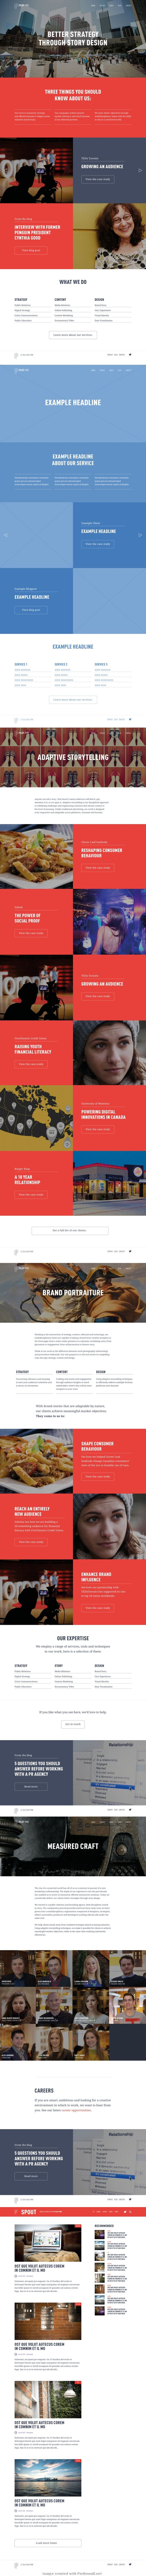 Simple Farben + Typografie
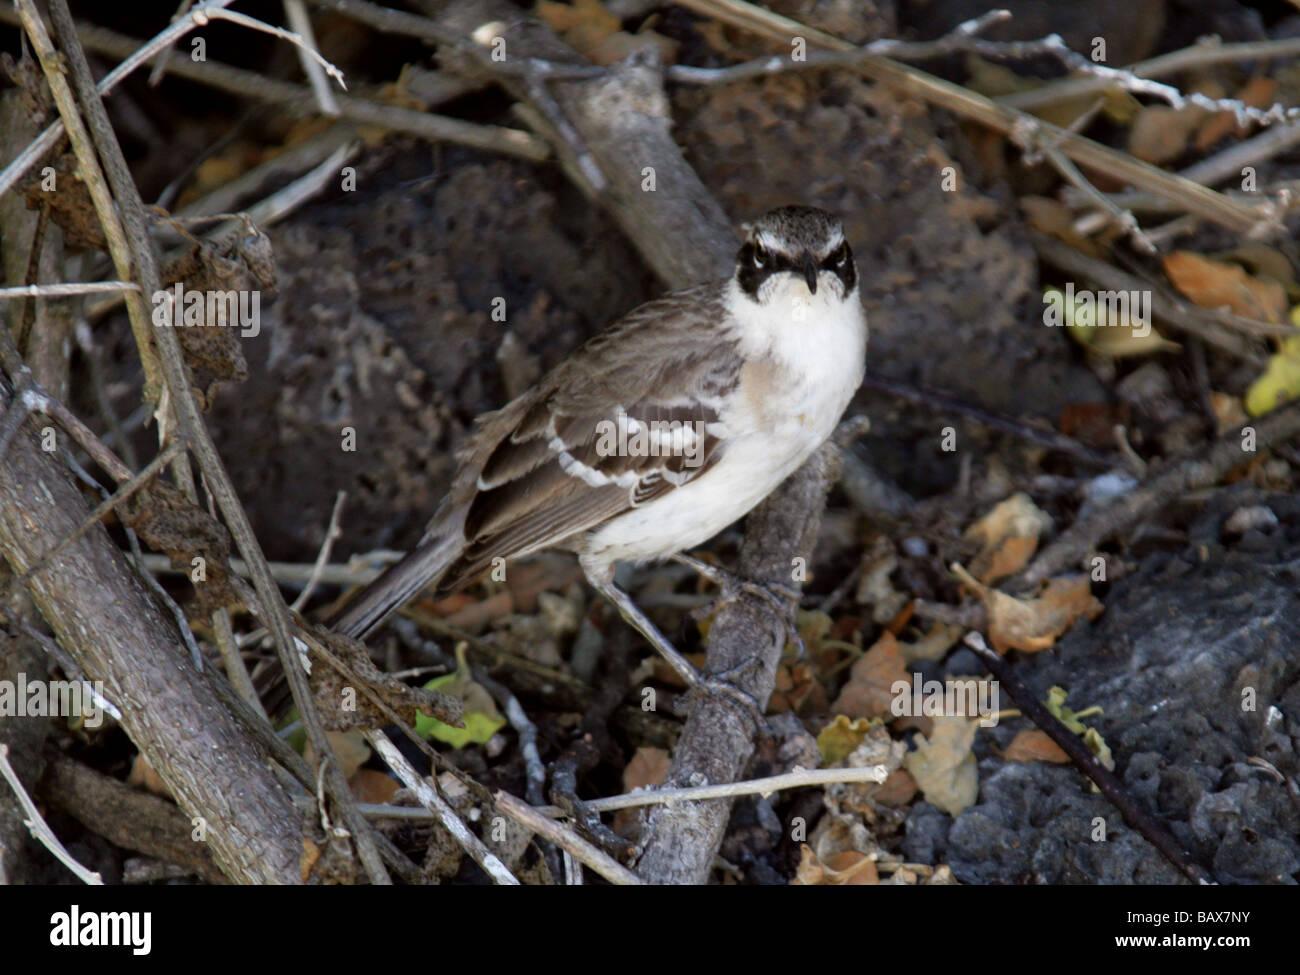 Galapagos Mockingbird, Nesomimus parvulus syn mimus parvulus, Santa Cruz Island (Indefatigable), Galapagos Islands, Stock Photo
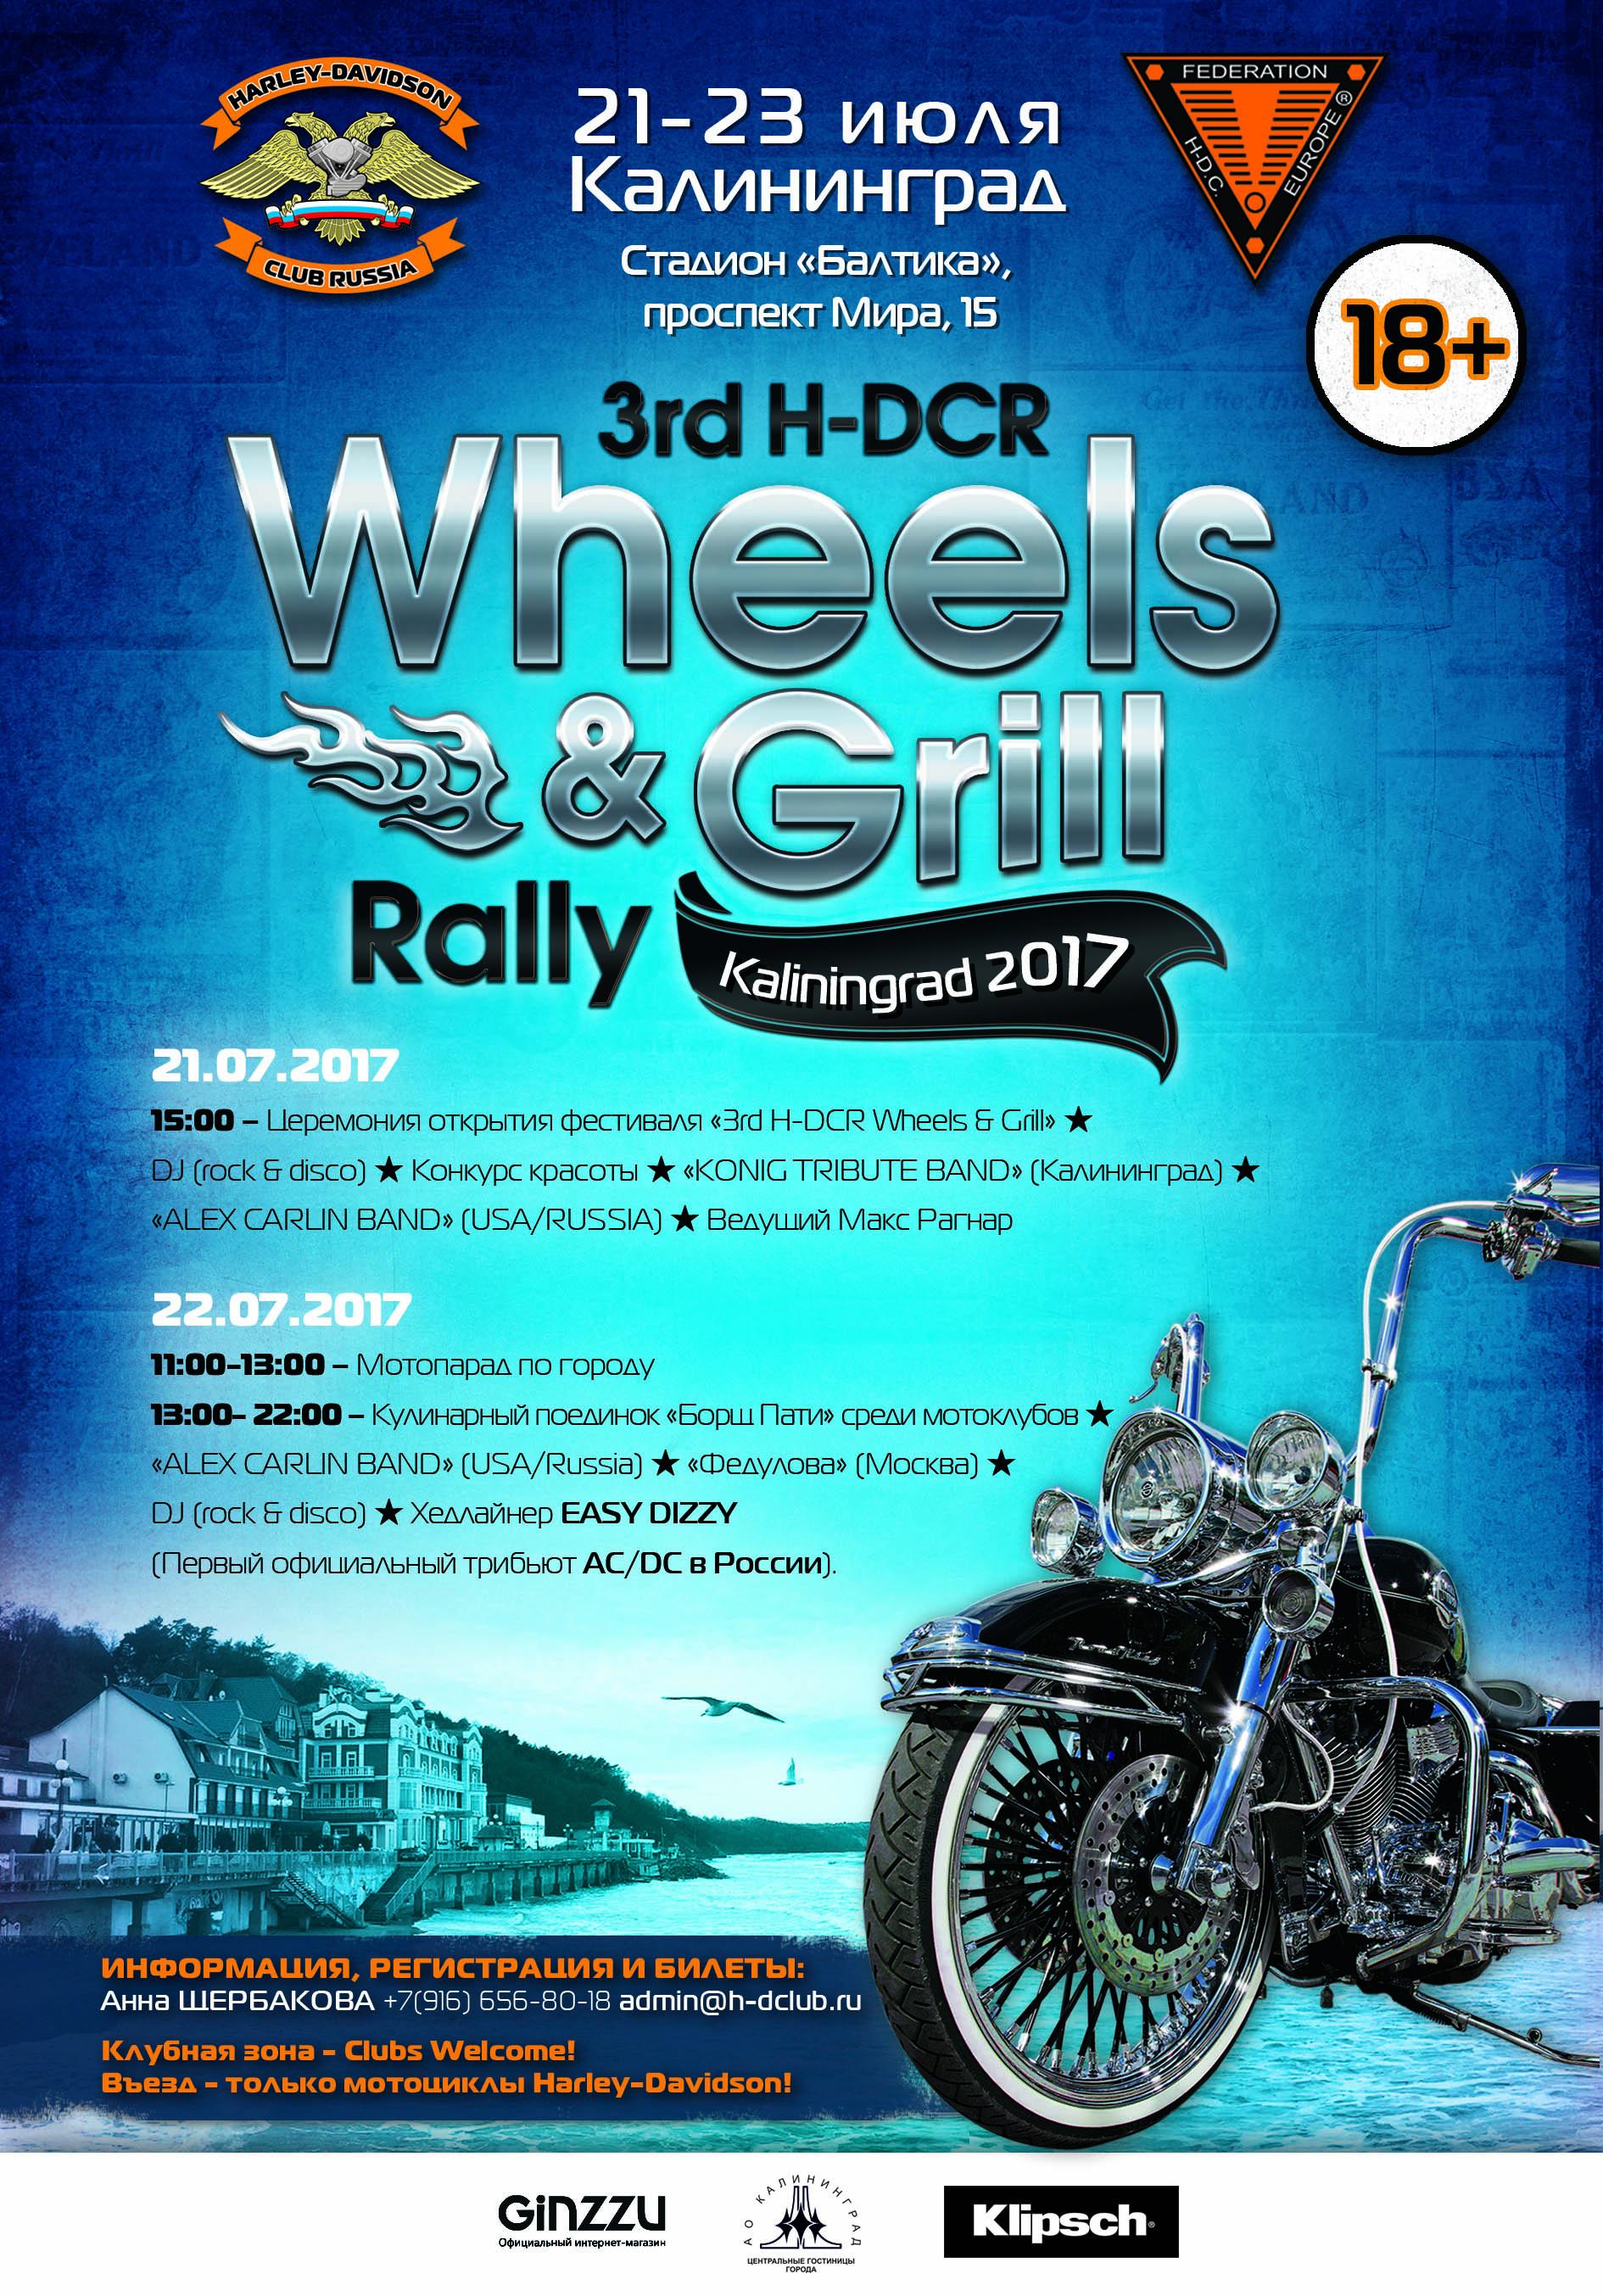 21-23 июля Wheels&Grill Rally
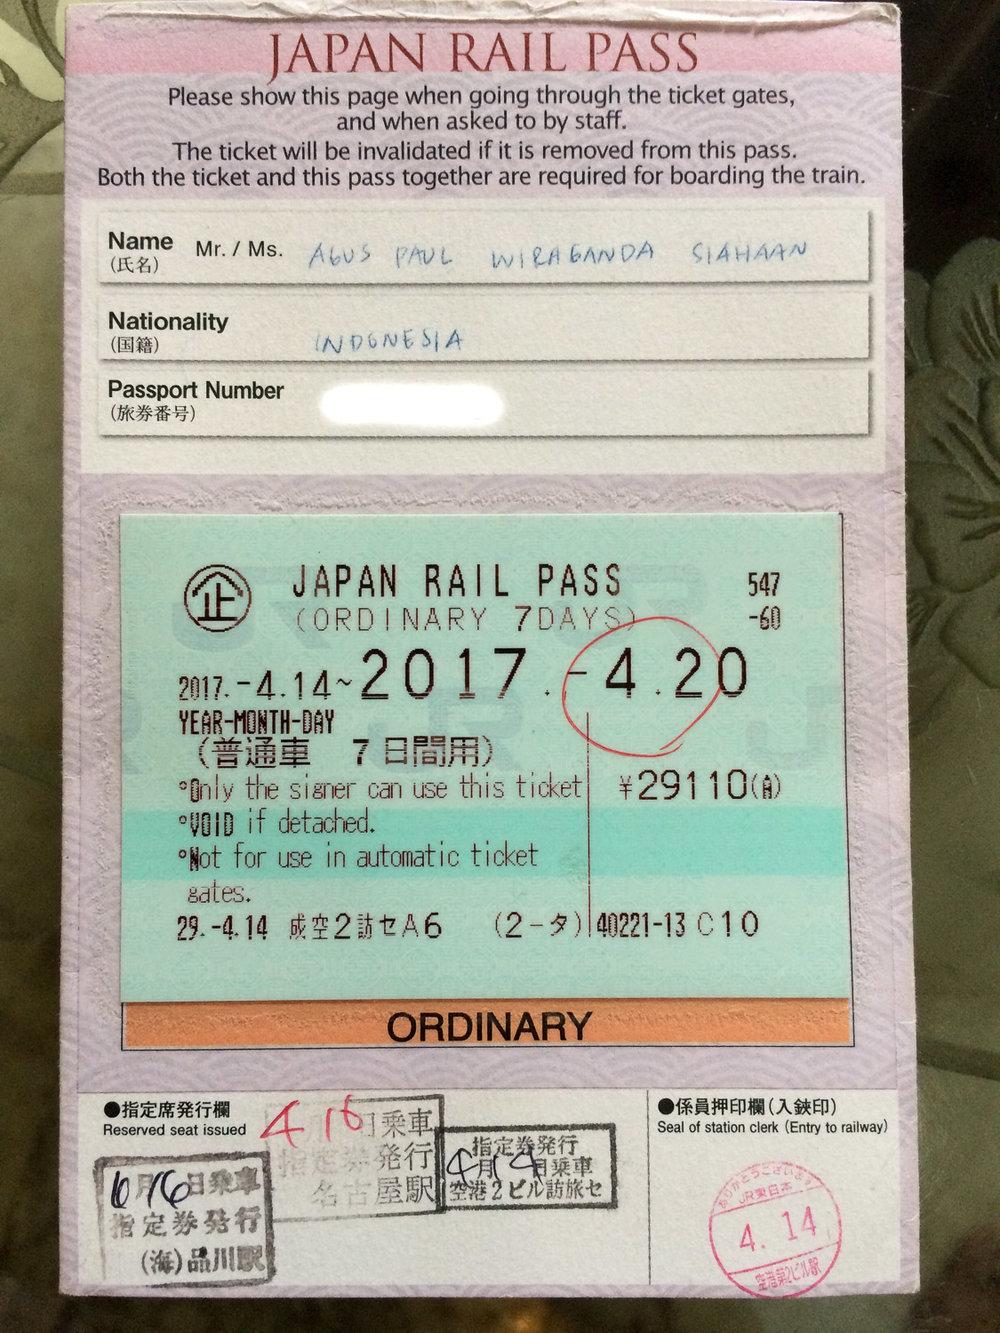 JR Pass (Back)

● Activity
Exclude the pictures and give back the rest of the data above exactly as written.

● Answer box
 Simple Farben + Typografie
 Galapagos Mockingbird, Nesomimus parvulus syn mimus parvulus, Santa Cruz Island (Indefatigable), Galapagos Islands, Stock Photo
 21-23 июля Wheels&Grill Rally
 JR Pass (Back)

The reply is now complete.